▸ Task brief: The answer must consist solely of the lines below starting at the one containing "La nouvelle Cathédrale" and ending at the one containing "V-Gaming bất ngờ", repeated exactly, with both ends included and all pictures omitted.
START Task data
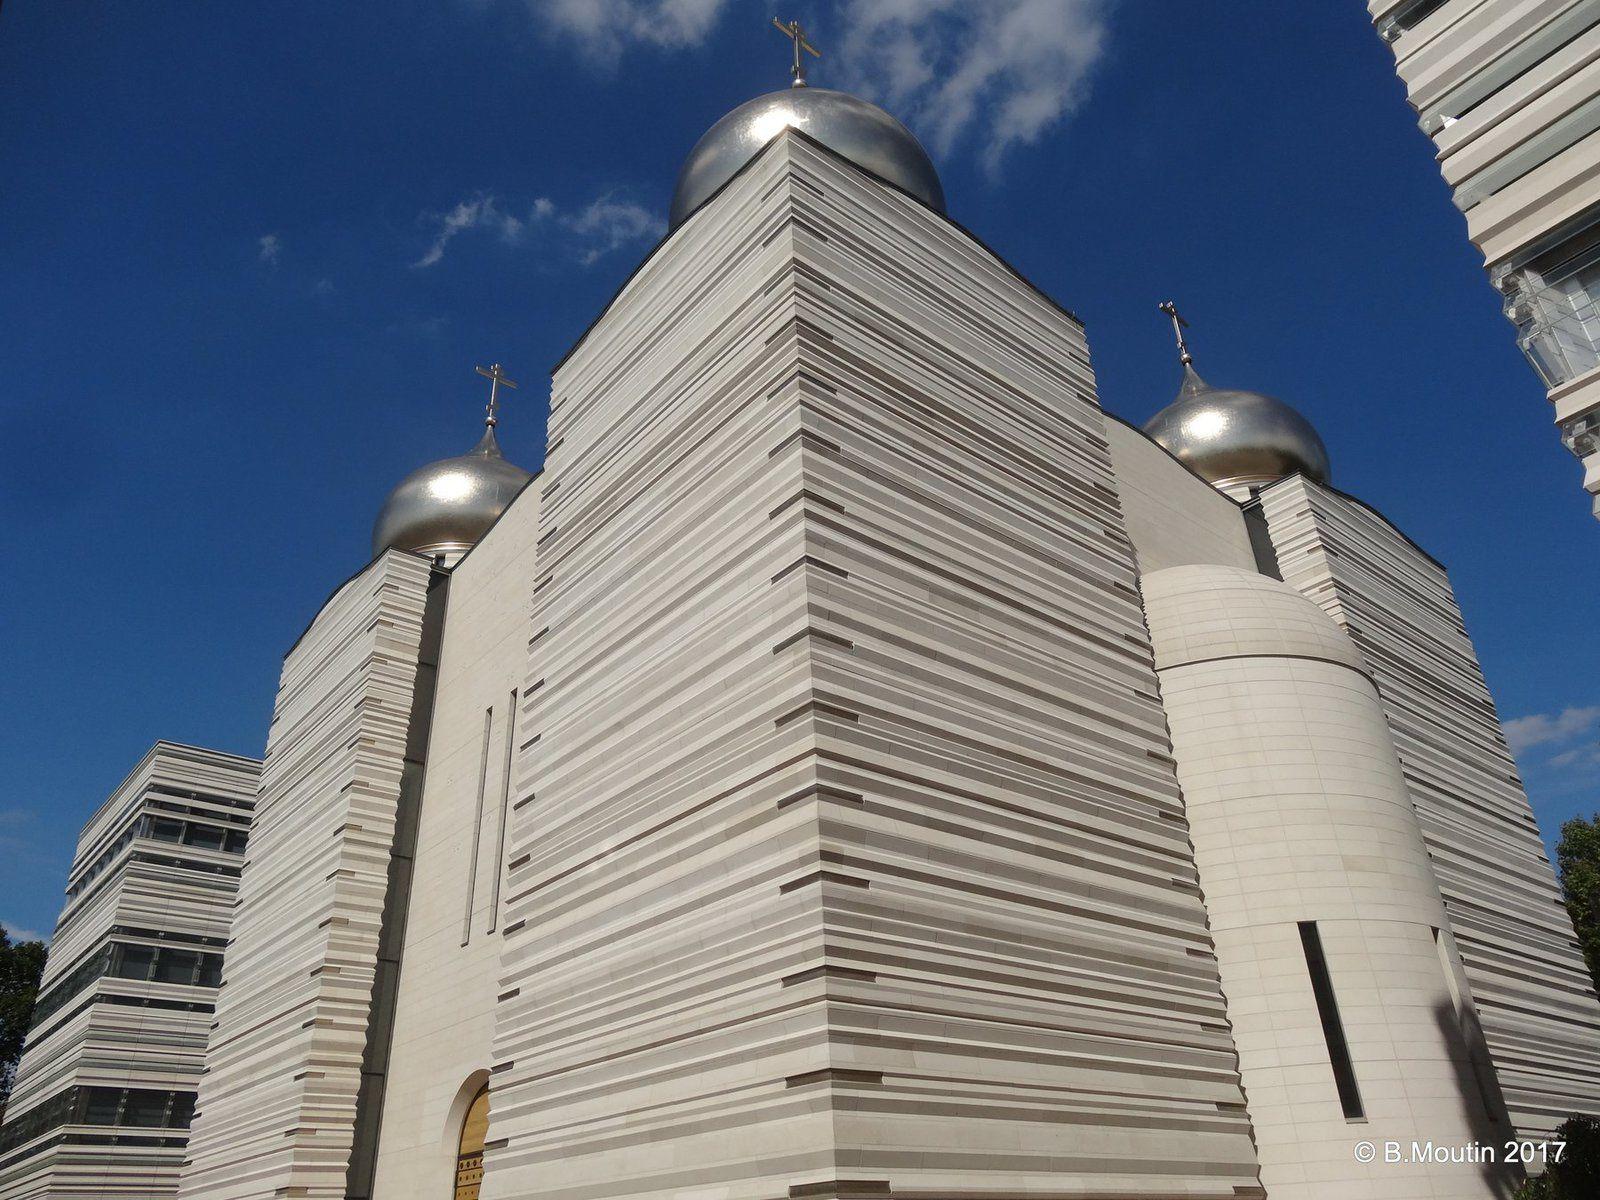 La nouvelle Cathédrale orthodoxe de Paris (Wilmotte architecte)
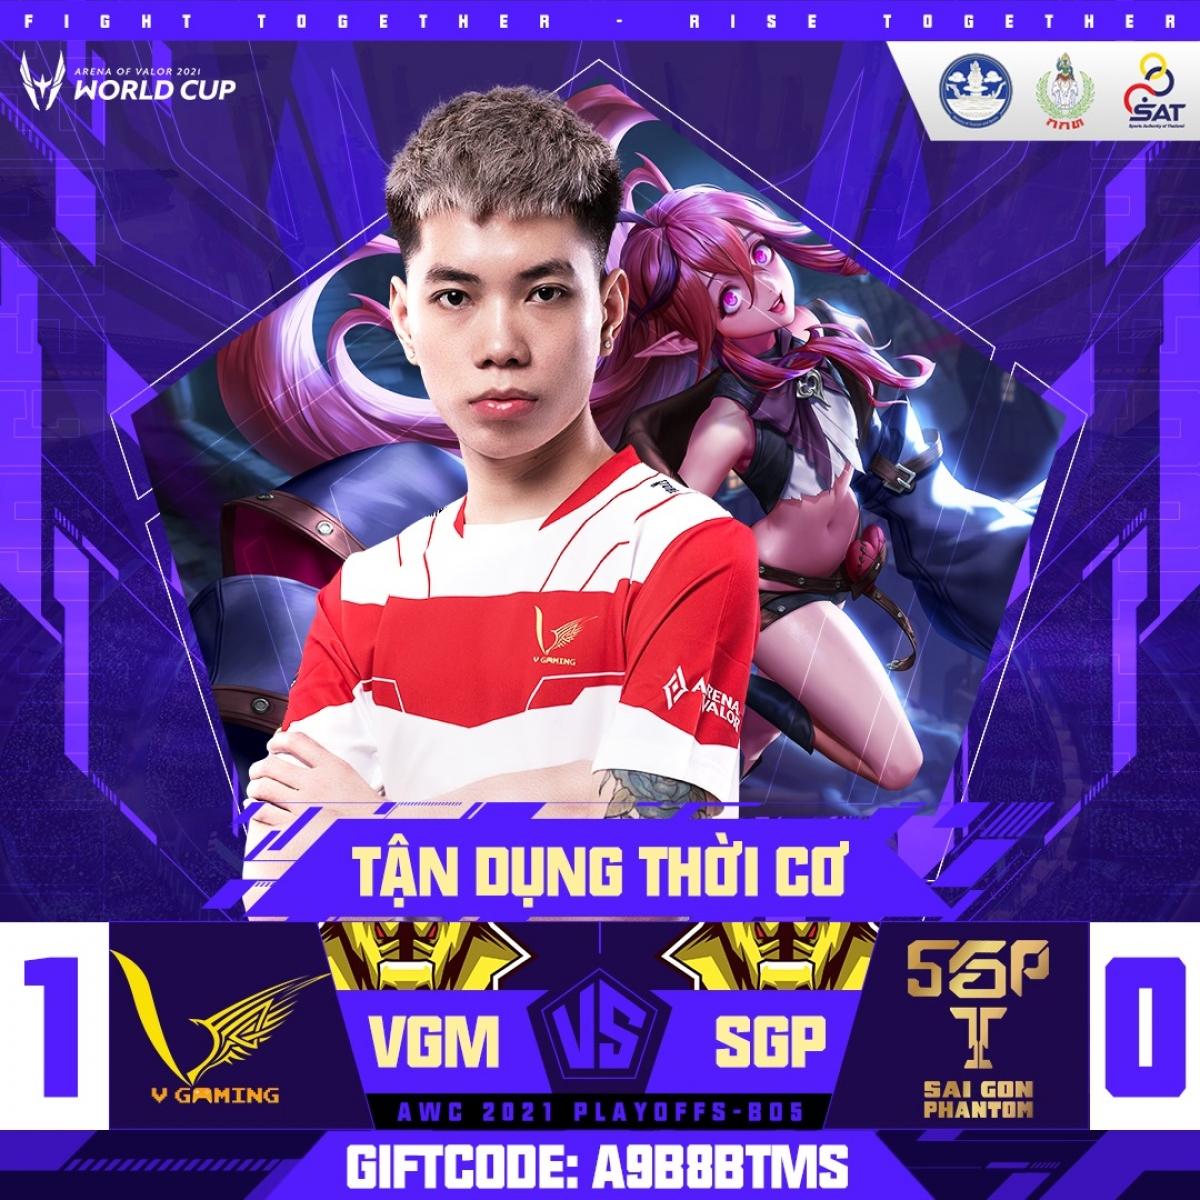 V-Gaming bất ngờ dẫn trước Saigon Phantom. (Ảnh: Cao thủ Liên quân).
END Task data
START Task data
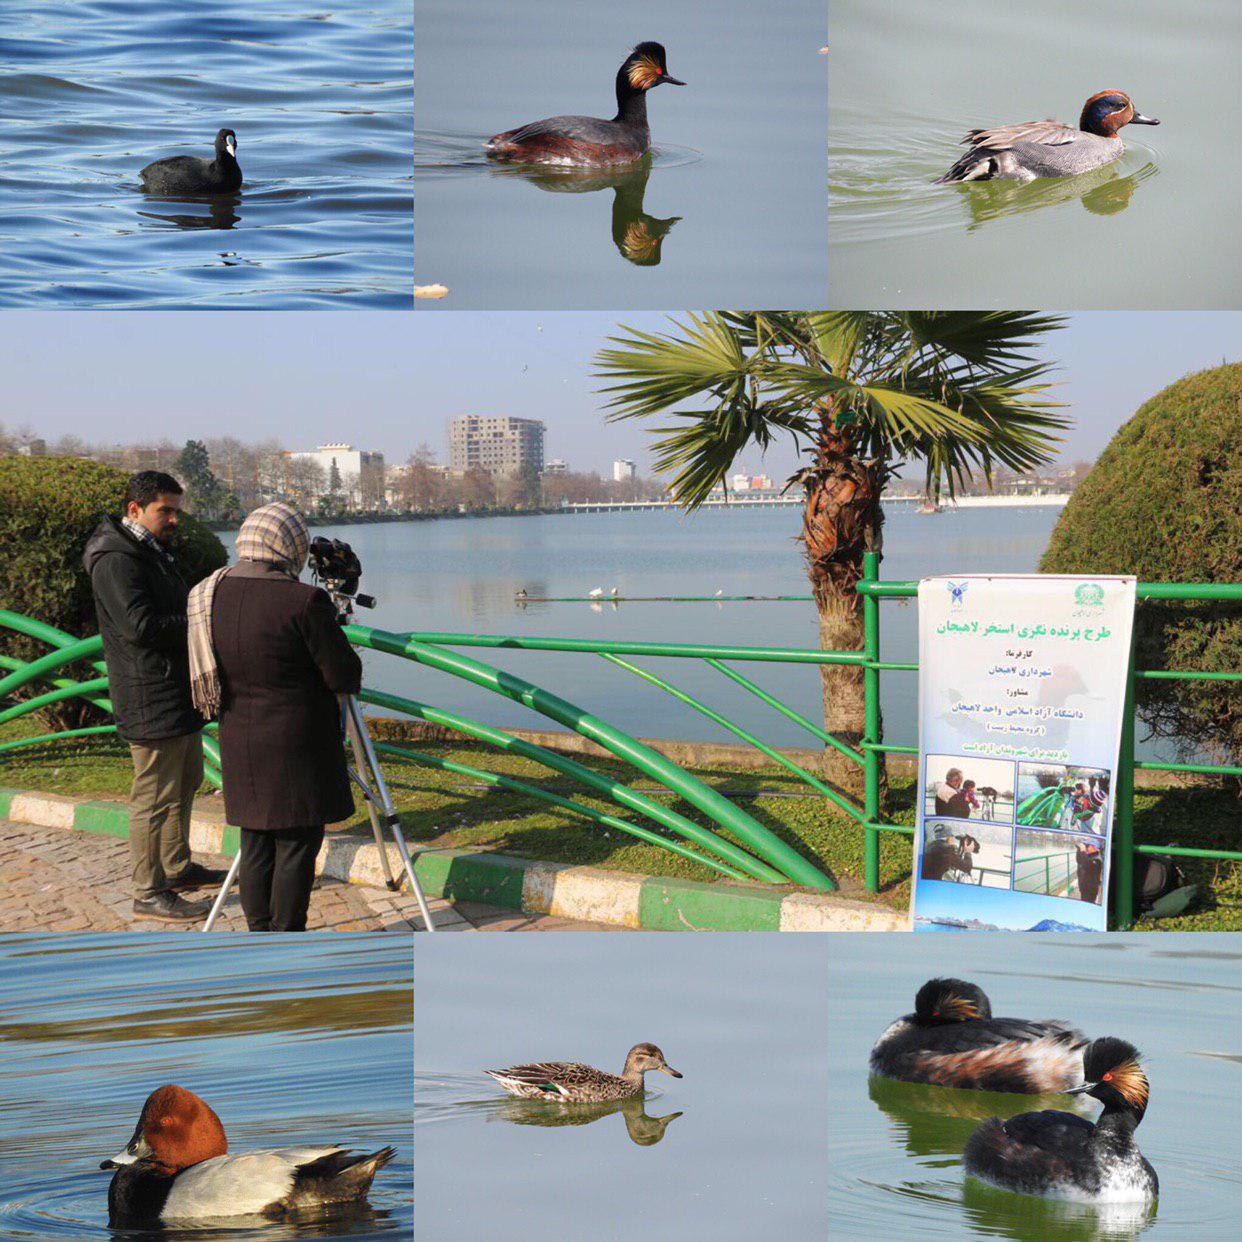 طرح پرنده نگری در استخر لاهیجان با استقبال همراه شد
END Task data
▸ Worked solution:
 La nouvelle Cathédrale orthodoxe de Paris (Wilmotte architecte)
 V-Gaming bất ngờ dẫn trước Saigon Phantom. (Ảnh: Cao thủ Liên quân).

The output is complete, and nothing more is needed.